*Dataset extract*
★ ★ ★ ★

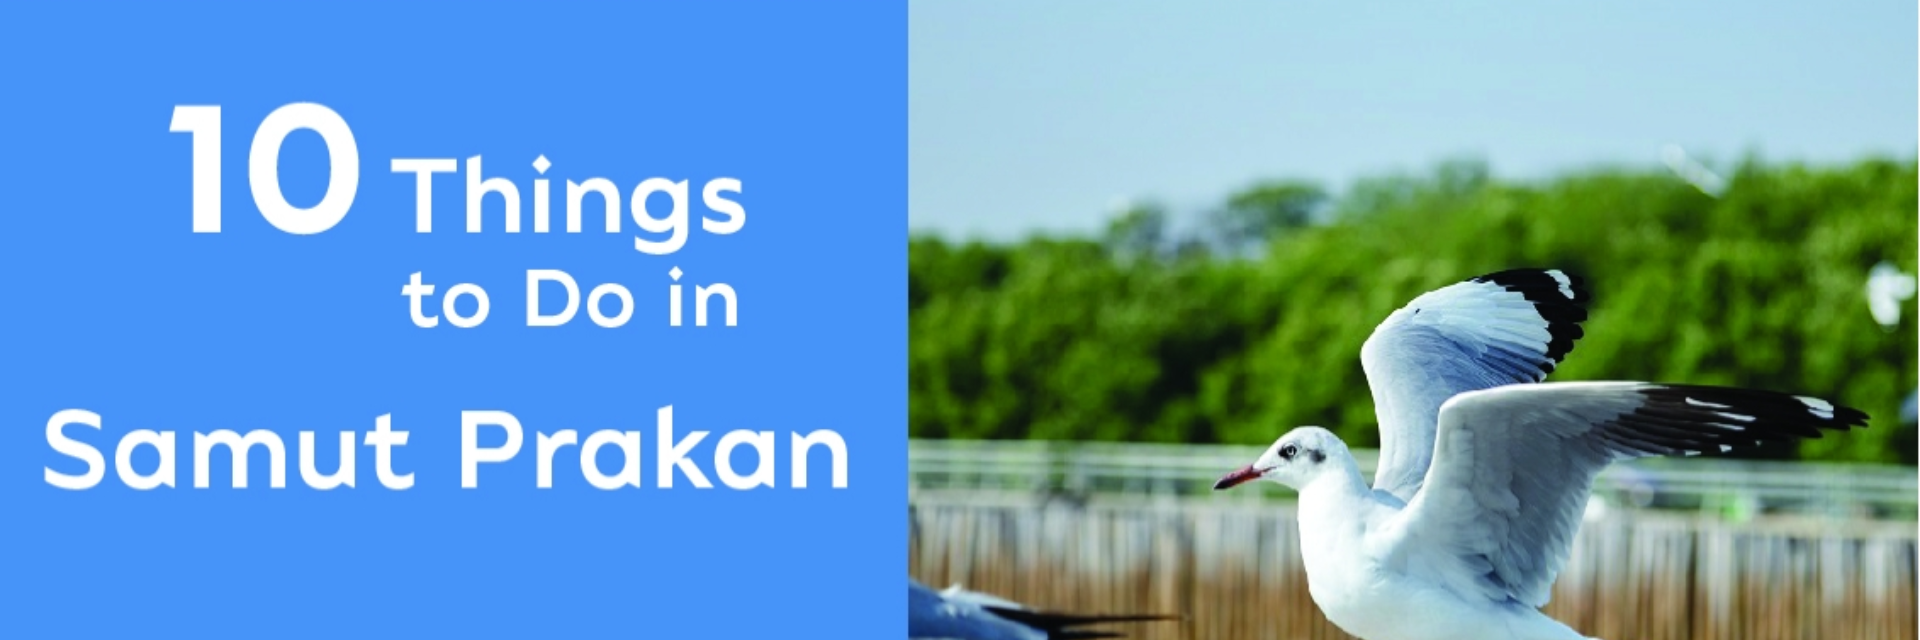 10 THINGS TO DO IN SAMUT PRAKAN
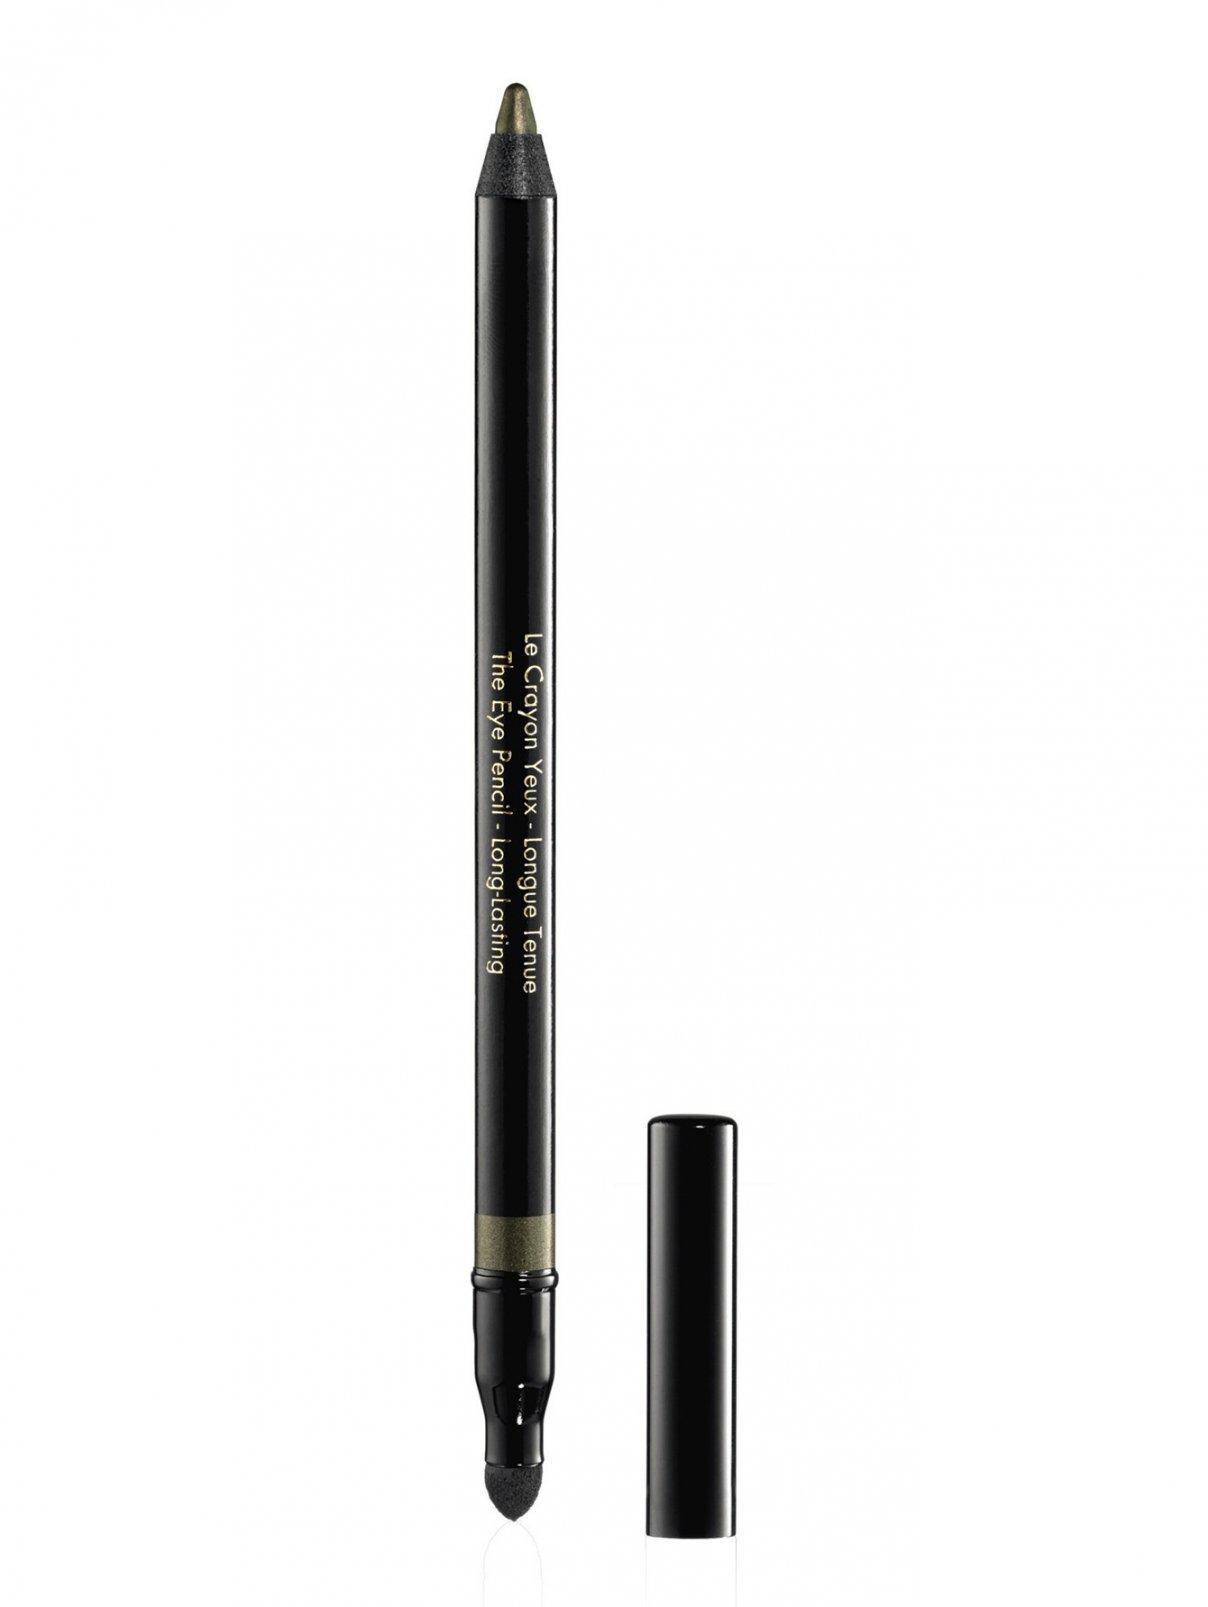 Карандаш для глаз - №05 хаки, Eye pencil Guerlain  –  Общий вид
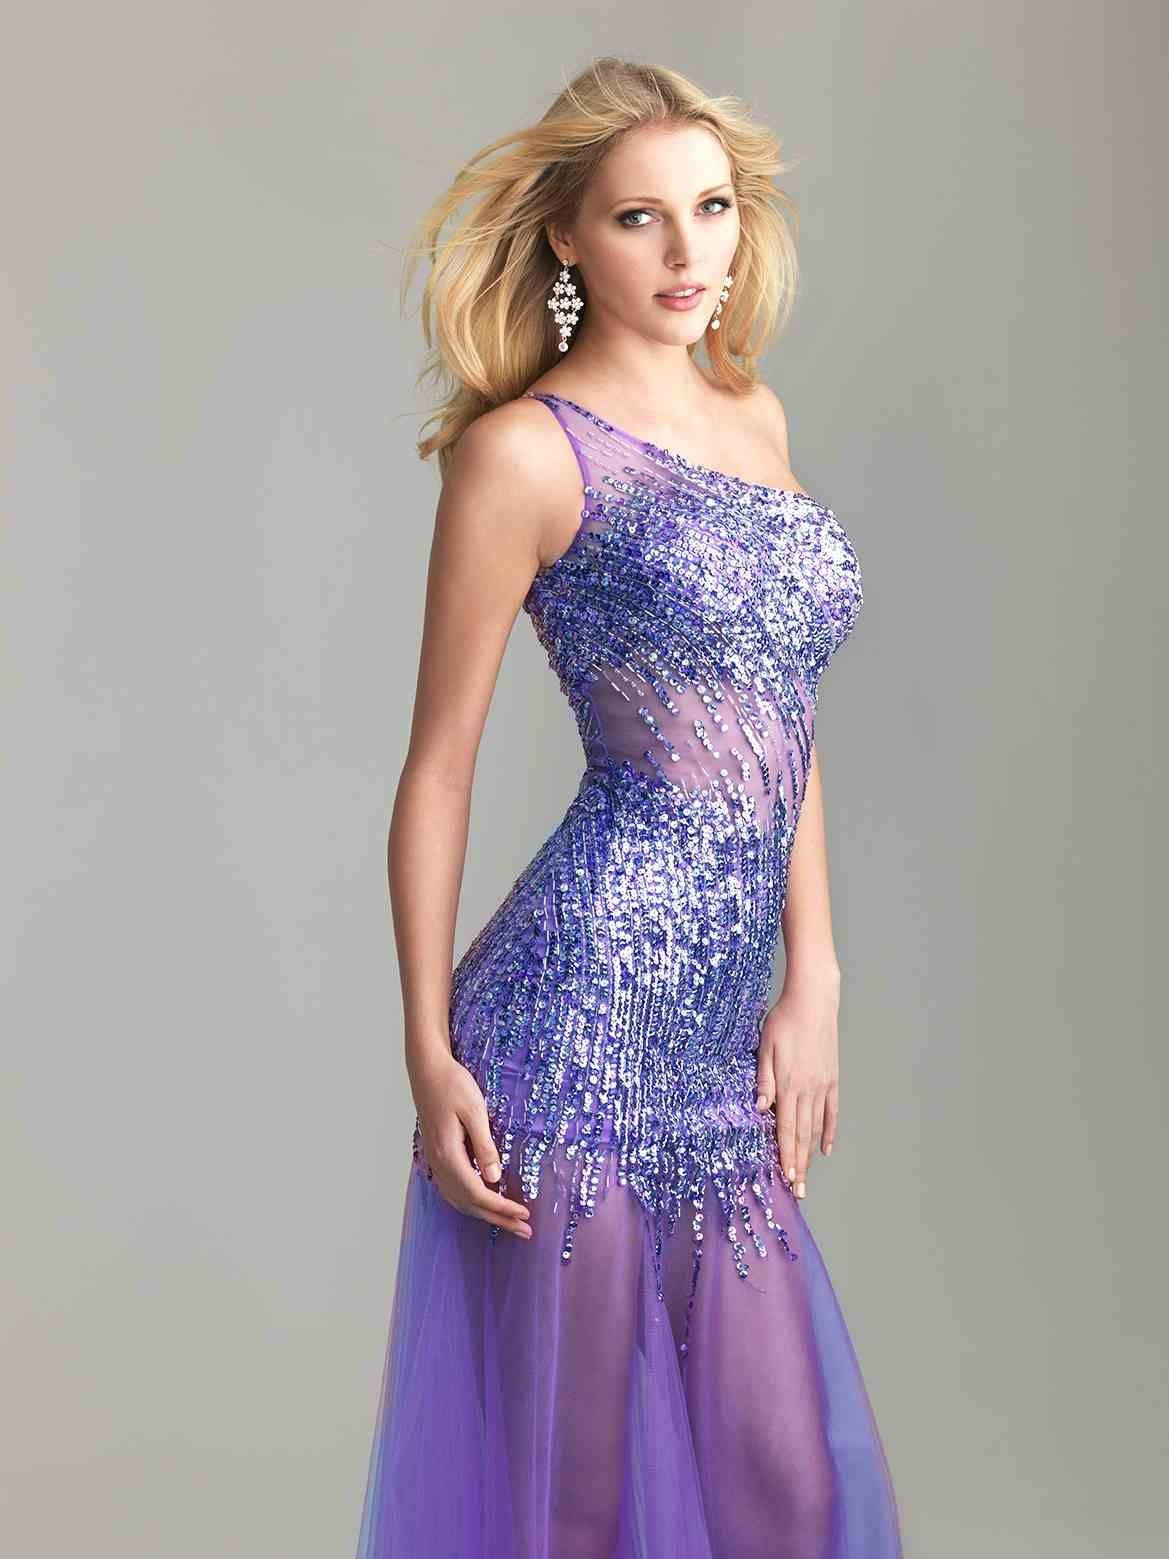 Famoso Inspiración Vintage Vestidos De Dama De Reino Unido ...

★ ★ ★ ★

*Description of the task*
Output, word for word, the full listing above, with no pictures.

*Answer section*
 10 THINGS TO DO IN SAMUT PRAKAN
 Карандаш для глаз - №05 хаки, Eye pencil Guerlain  –  Общий вид
 Famoso Inspiración Vintage Vestidos De Dama De Reino Unido ...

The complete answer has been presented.